Moms and dads should stay positive talking about the new school year, she said.

“It’s not about you ‘having to go back to school’ but really emphasizing the great pieces about going back to school,” she said. Parents should make positive statements such as, “Think about all the things you’re going to learn. Think about how much fun you are going to have.”

Get enough sleep

Noyola said during the summer bedtimes become more flexible, but once school begins those bedtimes should become more structured.

“We really need to get them back into that routine of having a designated sleep time, especially with our little ones,” she said.

“A lot of studies say our little ones need 10 to 12 hours of sleep every night in order to really be at their best. A week or two before school starts we need to get our students back into having those bedtime routines so it’s not a shock the first day of school.”

Good first experience

“We talk about first impressions mattering,” Noyola said. “First experiences matter as well whether the student is starting school for the first time or returning to school. We recommend everything be planned out.

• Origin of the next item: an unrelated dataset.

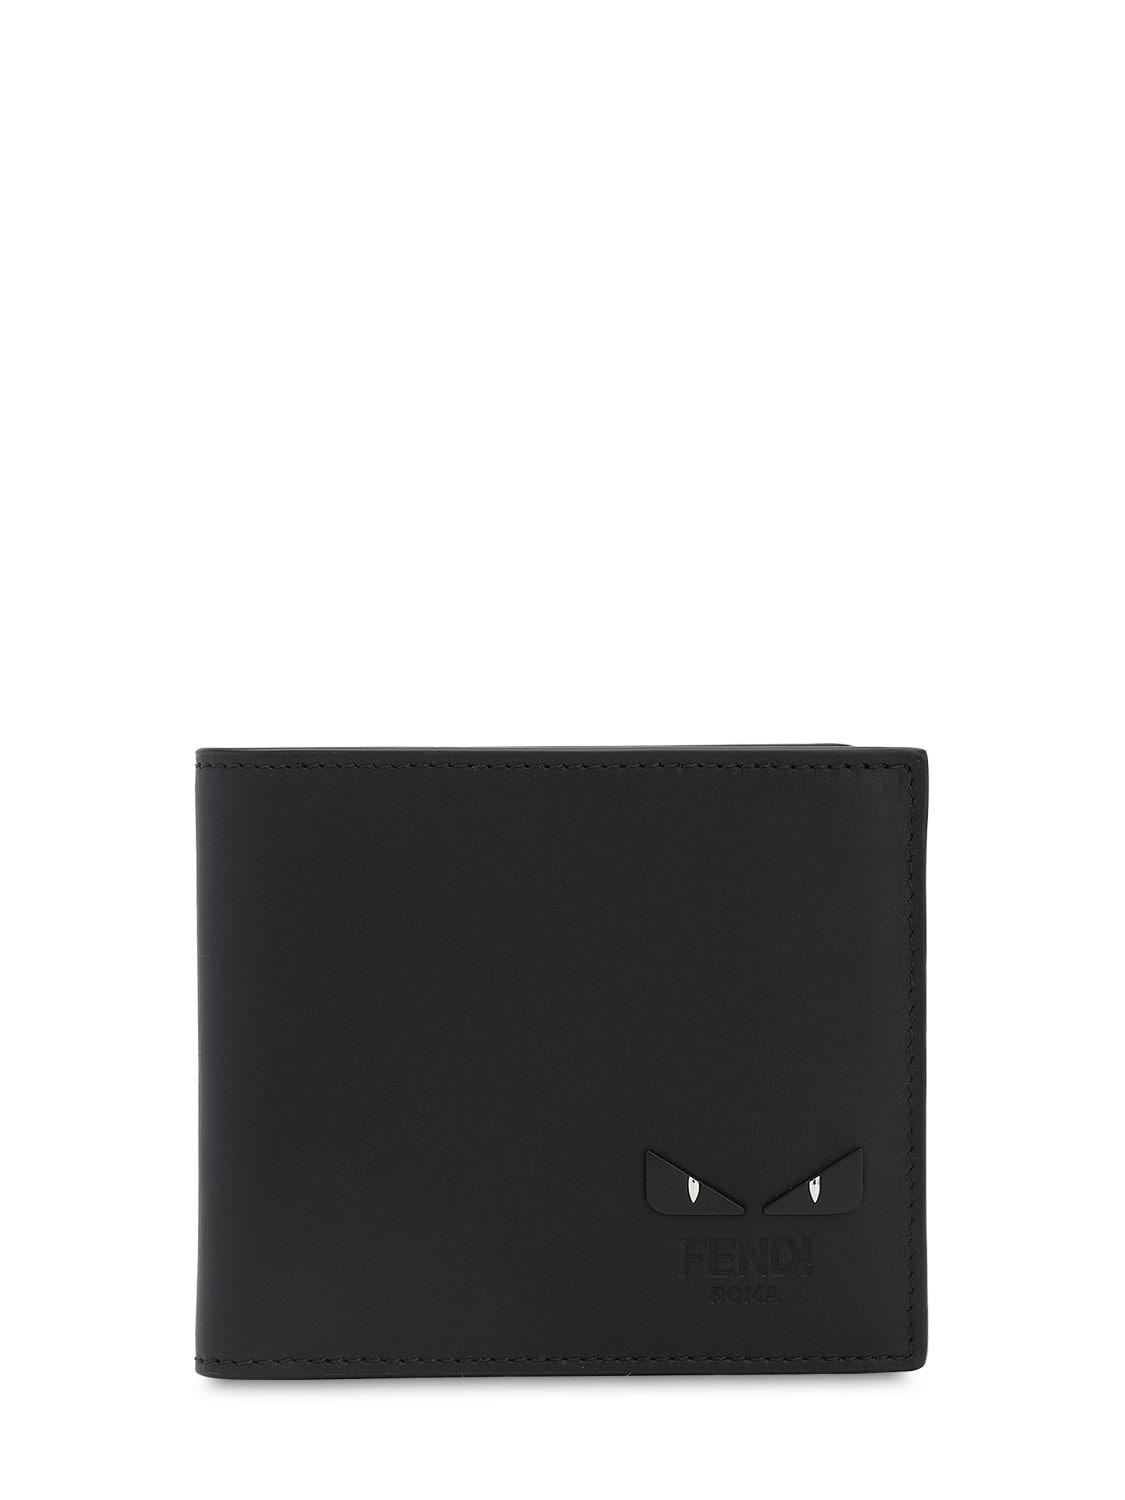 Leather Billfold Wallet W/cubic Eyes | The Fashionisto

“For example, if that student is taking a backpack, make sure everything they’re going to need is in there. The backpack maybe is by the front door so they’re not scrambling last minute that morning. When we plan, everything seems so smooth. The same thing applies for that first day.”

Maintain composure on the first day

“Let’s talk about little ones that are starting school the first time,” she said. “Occasionally there are going to be some tears. We always recommend that parents stay very confident during that time.

“If a student senses that the parent is worked up, then the student is going to pick up on that.”

Parents shouldn’t stay too long, she said.

“The sooner we allow the teacher to distract the student and get them going into the routine the sooner the crying will subside. If the parent is still sticking around a little too long because they’re seeing their child crying, it delays the student getting into the flow of school.”

Ask about their day, and be specific

Parents like to know how the school day went when their child gets home, but Noyola advised against asking such broad questions as “How was your day?”

“We suggest they ask more specific questions, like ‘What stories did you read to day? What did you have for lunch? What did you do in PE?’” she said.

“When we ask specific questions we get specific answers. That is a recommendation that keeps them connected and also gives them a view on what the actual school day was like.”